Wiping out knowledge.
The creatures didn’t kill those who served them out of some petty need for vengeance, he realised. Their motive was far more circumspect than that. They were simply killing off those who knew of their existence; those who might have some idea how to fight back. The destruction of the ranch had nothing to do with Dan, it was strategic; just another shot fired in the war which had broken out across America.
We don’t know enough about them.
Herb’s own words rang in his ears. He and the others were still lurching along a path they could not see nor understand; attempting to combat an enemy they knew precious little about. Even now, he was making half-educated guesses, trying to join dots that he couldn’t quite see or understand.
Know your enemy, he thought. His father had encouraged Herb and his brothers to study The Art of War as a child. The central premise of Sun Tzu’s ancient guide on warfare was that in order to defeat an enemy, you must first understand it.

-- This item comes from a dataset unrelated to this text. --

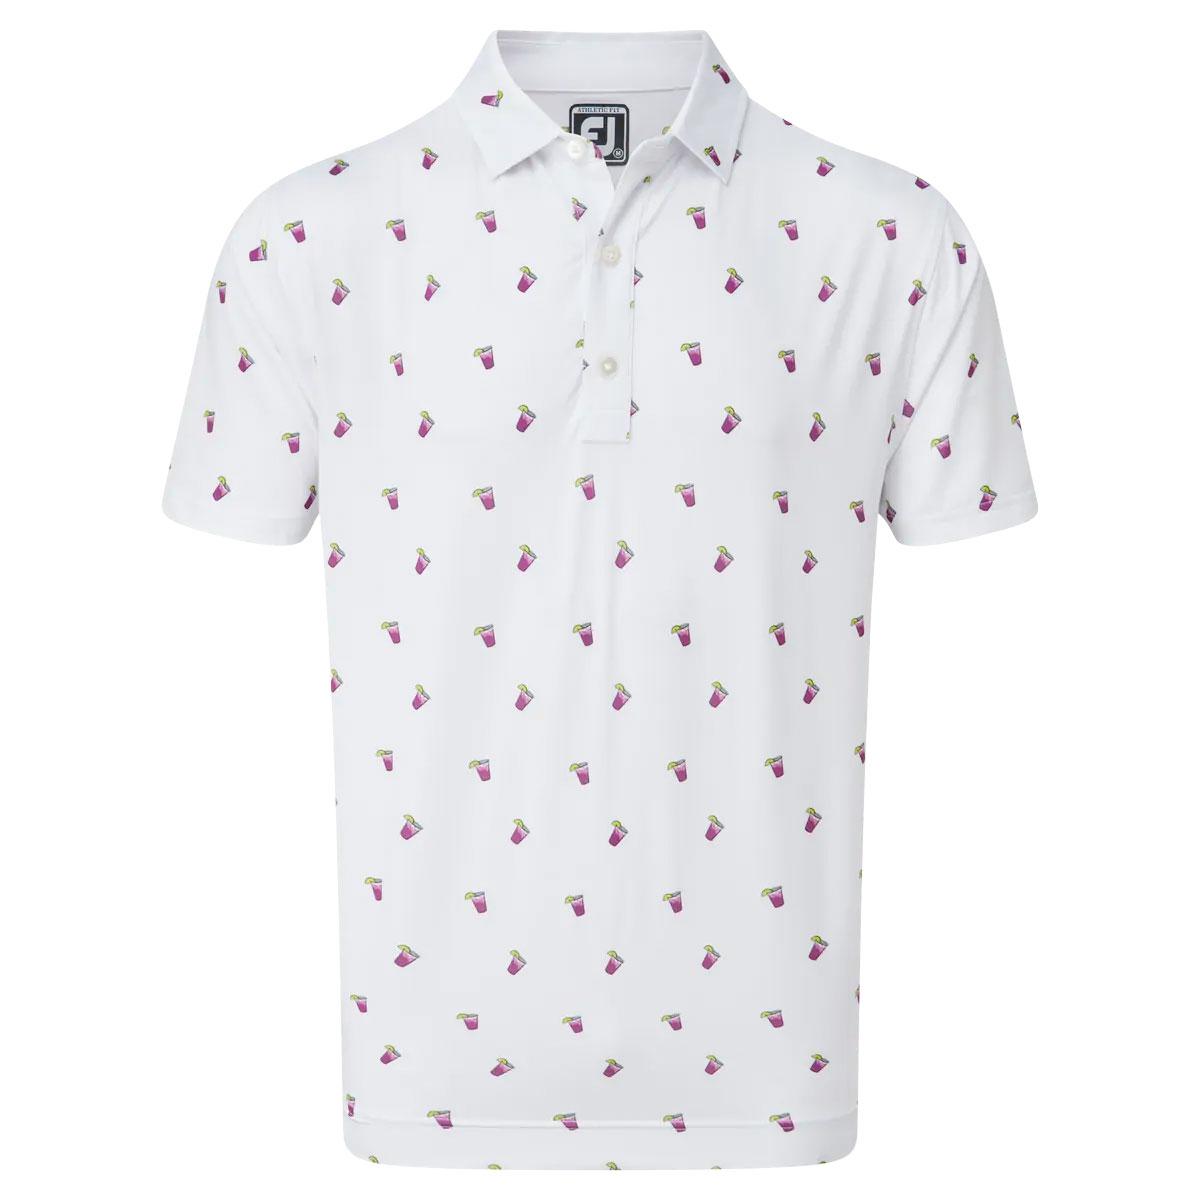 FootJoy Lisle Cocktail Print Mens Golf Polo Shirt  - White

The most important thing he and the others could do now, he thought, was to survive. To pass on whatever knowledge they had gathered to others. He began to think about the armed forces out there, trying to fight when they knew nothing at all.
We need to get word to the military somehow. We need to start building a picture of our enemy. Understanding the way they operate. Future generations will need to know—
Herb almost lost his footing on something that squished beneath his feet in a way that made his stomach attempt to perform a backflip.
He tried to focus.
Yet, the vampire’s behaviour at the ranch stuck in his mind like a splinter; knowledge that hovered at the edge of his consciousness, teasing his thoughts forward.

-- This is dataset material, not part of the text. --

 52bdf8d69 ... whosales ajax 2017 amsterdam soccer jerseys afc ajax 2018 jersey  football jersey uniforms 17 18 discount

The creature had fled. It had the opportunity to meet Dan face-to-face, and it had chosen to run. Which meant that maybe, just maybe, Dan’s theory about the black river was correct. Maybe the creature had known that it couldn’t prevent him from taking its mind, and had been aware that letting him do so would prove to be a costly error for its entire hellish species. Maybe it had fled to protect its master’s location.
Perhaps the monster had even taken the tunnel that led away from the ranch, leaving the ranch altogether. Herb doubted it. Not when there were so many potential victims still to be ripped apart. It might not wish to face Dan directly, but it had surely heard the Grand Cleric’s recorded announcement: if it had been tasked with eradicating all life at the ranch, it would likely be making its way toward the centre.

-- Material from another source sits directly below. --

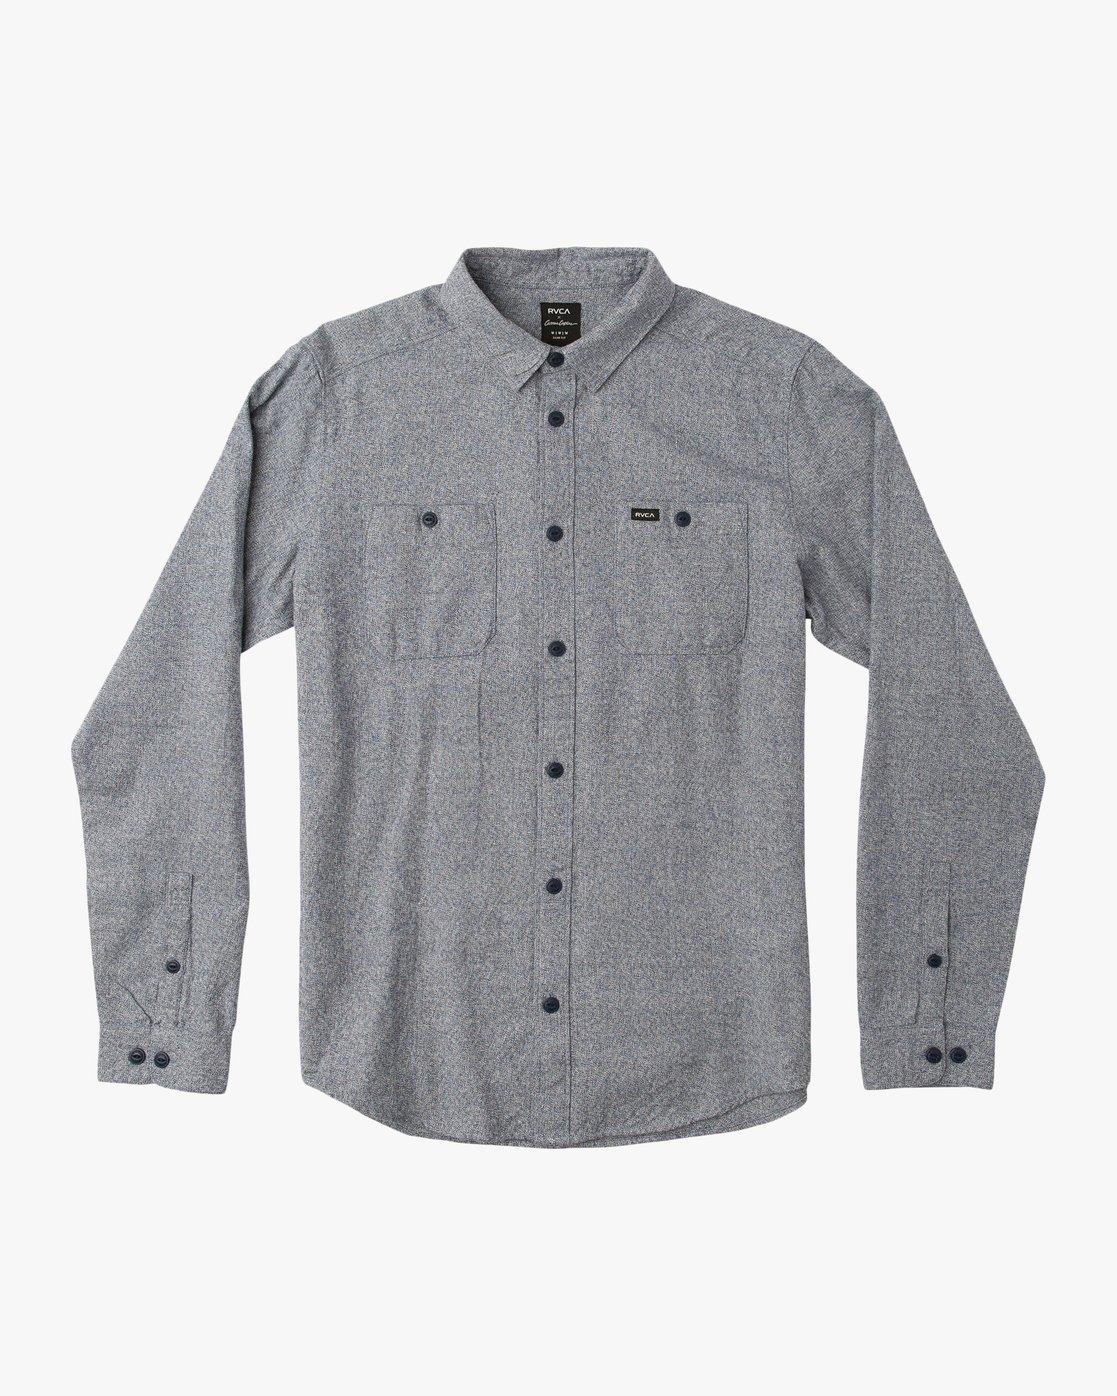 0 Twisted Long Sleeve Button-Up Shirt Blue M553QRTW RVCA

Exactly where everybody else had gone.
He heard footsteps closing in behind him. Mancini. As Herb had bolted from the supply shed, he had heard a muffled explosion, followed almost immediately by another. Mancini had sealed the tunnels with grenades before leaving. A few paces later, Herb had heard another crash, and had glanced back over his shoulder to see the entire shed collapsing in upon itself.
“Rennick, slow down!”
Gasping for air, Herb shook his head and poured every ounce of energy into his thigh muscles, pumping them like pistons. Running like he had a vampire snapping right at his heels.
Conny hadn’t responded to his radio message. He wouldn’t slow down. He couldn’t.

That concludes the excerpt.